You will be using a dataset that comes with Stata: psidextract.dta. The data is a correct version of the PSID sample in Cornwell and Rupert (1988), found in Baltagi and Khanti-Akom (1990). It includes a sample of 595 individuals observed for the years 1976-82.

Preamble

Create a do-file for this problem set and include a preamble that sets the directory and opens the data. For example,

clear 
//or, to remove all stored values (including macros, matrices, scalars, etc.) 
*clear all

* Replace $rootdir with the relevant path to on your local harddrive.
cd "$rootdir/problem-sets/ps-5"

cap log close
log using problem-set-5-log.txt, replace

use problem-set-5-data.dta, clear

Questions

1. Set the unit identifier and time variable using xtset. Note, you can also use tsset for this task. This will allow you to use xt package commands.

2. Describe and summarise the variables in the dataset using the normal describe and summarize commands.

3. Describe and summarise the variables in the dataset using the panel commands: xtdescribe and xtsummarize. Comment on the information provided.

4. Use the command xttab and xtrans, freq to describe transitions over time in the variable south.

5. Create the variable: expsq=exper^2/1000. Why would you scale the variable in this way?

6. Estimate the following model using pooled OLS, between-group, feasible GLS, within-group, LSDV, and first-difference. For the first-difference estimator, you can define a first-difference in Stata using the time-series operator: D.variable.

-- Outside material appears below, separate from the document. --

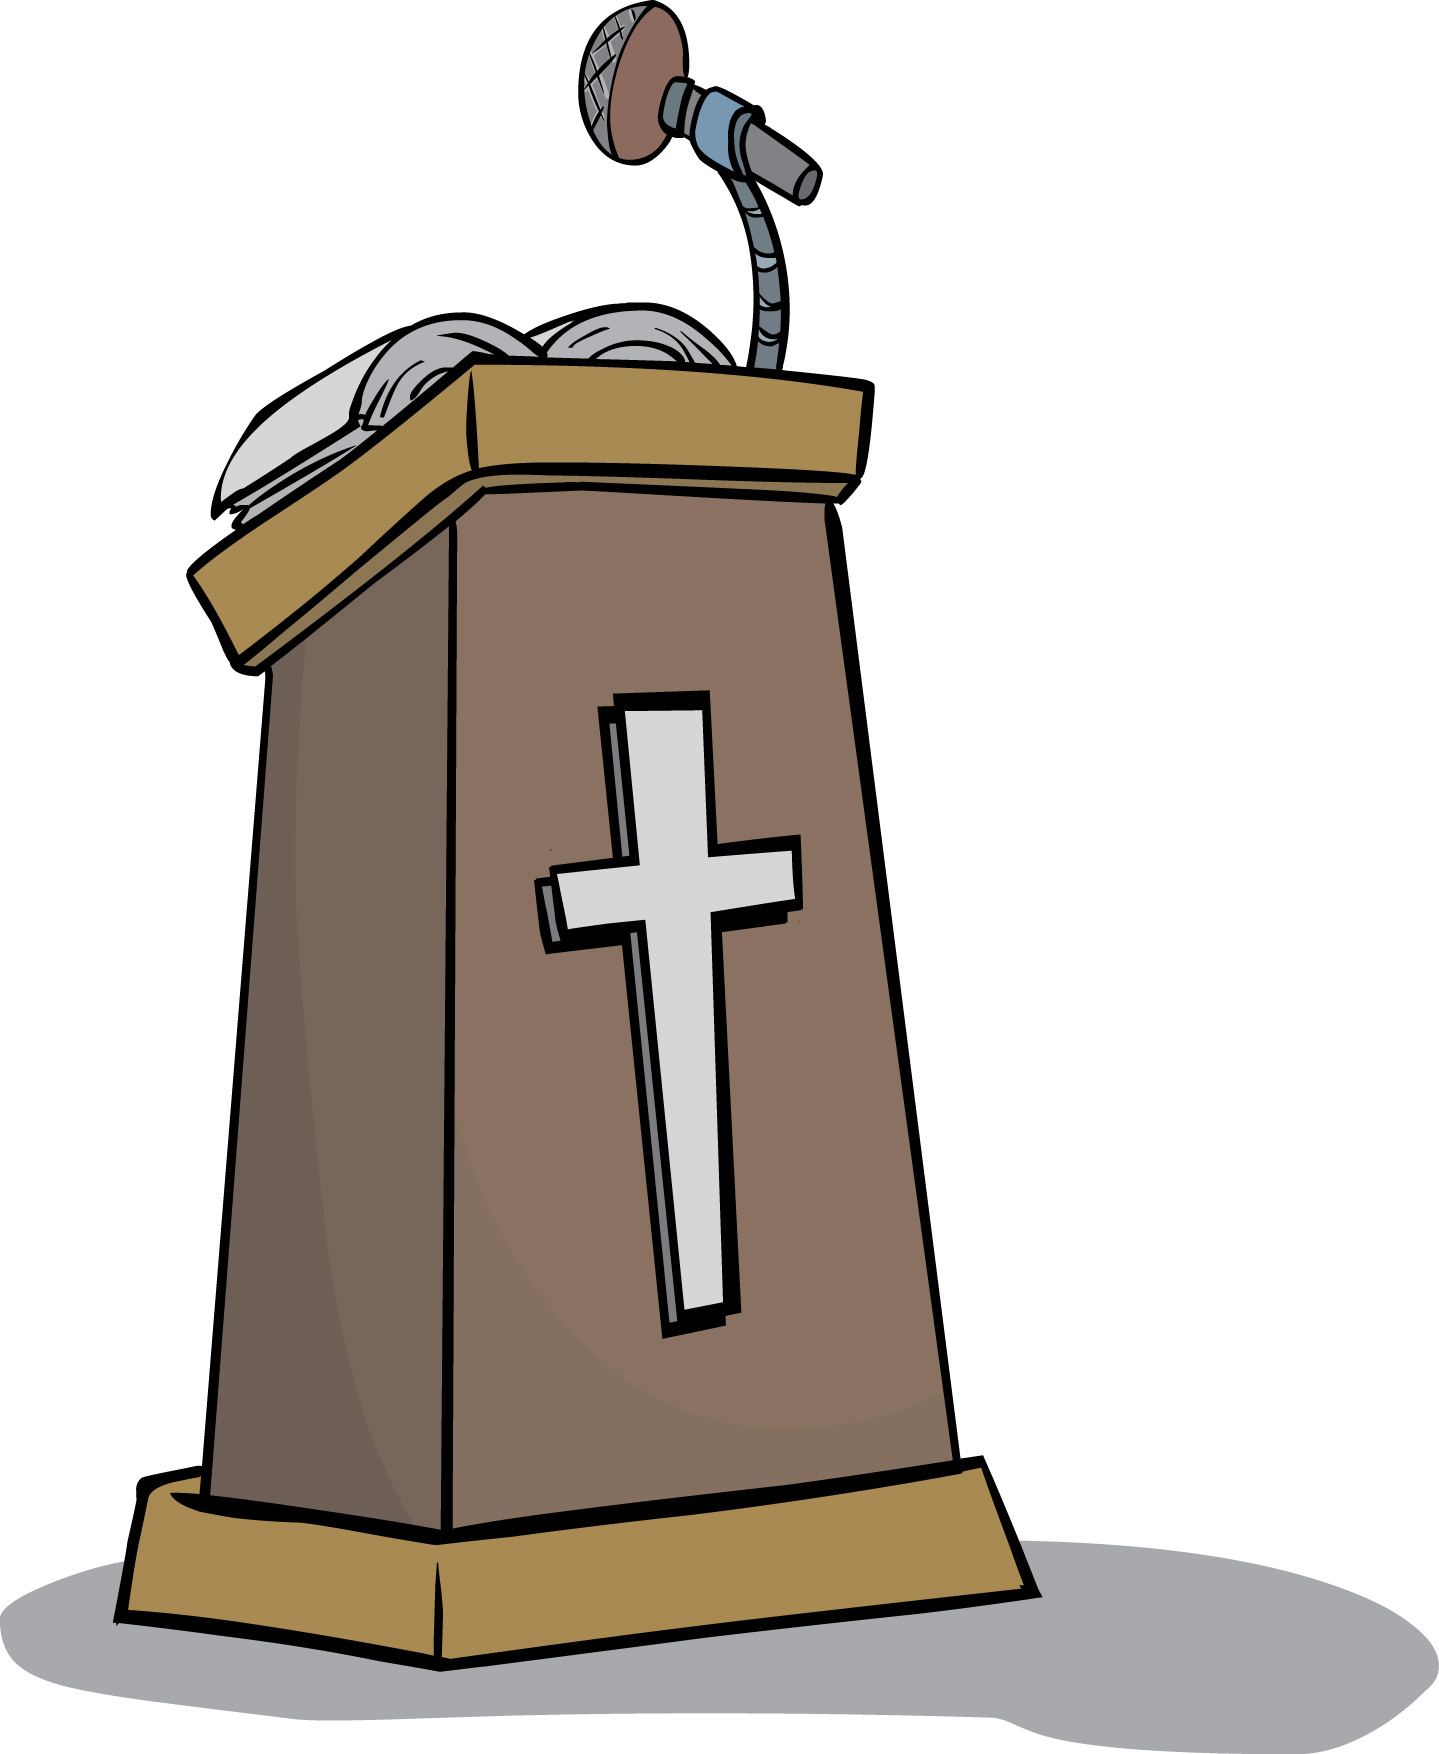 Free church cliparts download. Podium clipart pulpit

\[ \ln(Wage_{it}) = \beta_1 + \beta_2 Exper_{it} + \beta_3 Exper^2_{it} + \beta_4 Weeks_{it} + \beta_5 Eduyrs_{it} + \varepsilon_{it} \] With each model, store the results using estimates store. For example,

* clear existing stored estimates
est clear

* Pooled OLS
regress lwage exper expsq weeks ed
est store OlS

* alternatively, 
eststo OLS: regress lwage exper expsq weeks ed

7. Using the formula from Handout 5, replicate the value of \(\theta\) reported above by the FGLS estimator. Note, you will need to use the stored values of \(\sigma^2_{\varepsilon}\) and \(\sigma^2_{\alpha}\).

8. Make a table of the computed estimates. You can either use estimates table or esttab. The latter is part of the estout package, which you may need to install: ssc install estout.

9. Perform a Hausman test comparing the results of the FLGS and WG estimators. You should use the hausman command, with the option sigmamore. Be sure to get the order of the estimates correct. What do you learn from the test?

10. Estimate FGLS for the model below:

\[ \begin{aligned} \ln(Wage_{it}) =& \beta_1 + \beta_2 Exper_{it} + \beta_3 Exper^2_{it} + \beta_4 Weeks_{it} + \beta_5 Eduyrs_{it} \\ &+ \gamma_2 \overline{Exper}_{i} + \gamma_3 \overline{Exper^2}_{i} + \gamma_4 \overline{Weeks}_{i}+\varepsilon_{it} \end{aligned} \] You will need to manually create the variables: \(\{\overline{Exper}_{i}, \overline{Exper^2}_{i},\overline{Weeks}_{i}\}\) - the individual-level averages of each variable. This is referred to as the Mundlack correction. Once you have estimated the model, repeat the Hausman test comparing these results with those of the WG estimator. What is the significance of the Mundlack correction?

11. Export the results as a single CSV/Excel file. You can use esttab for .csv or outreg2 for .xlsx.

Postamble

log close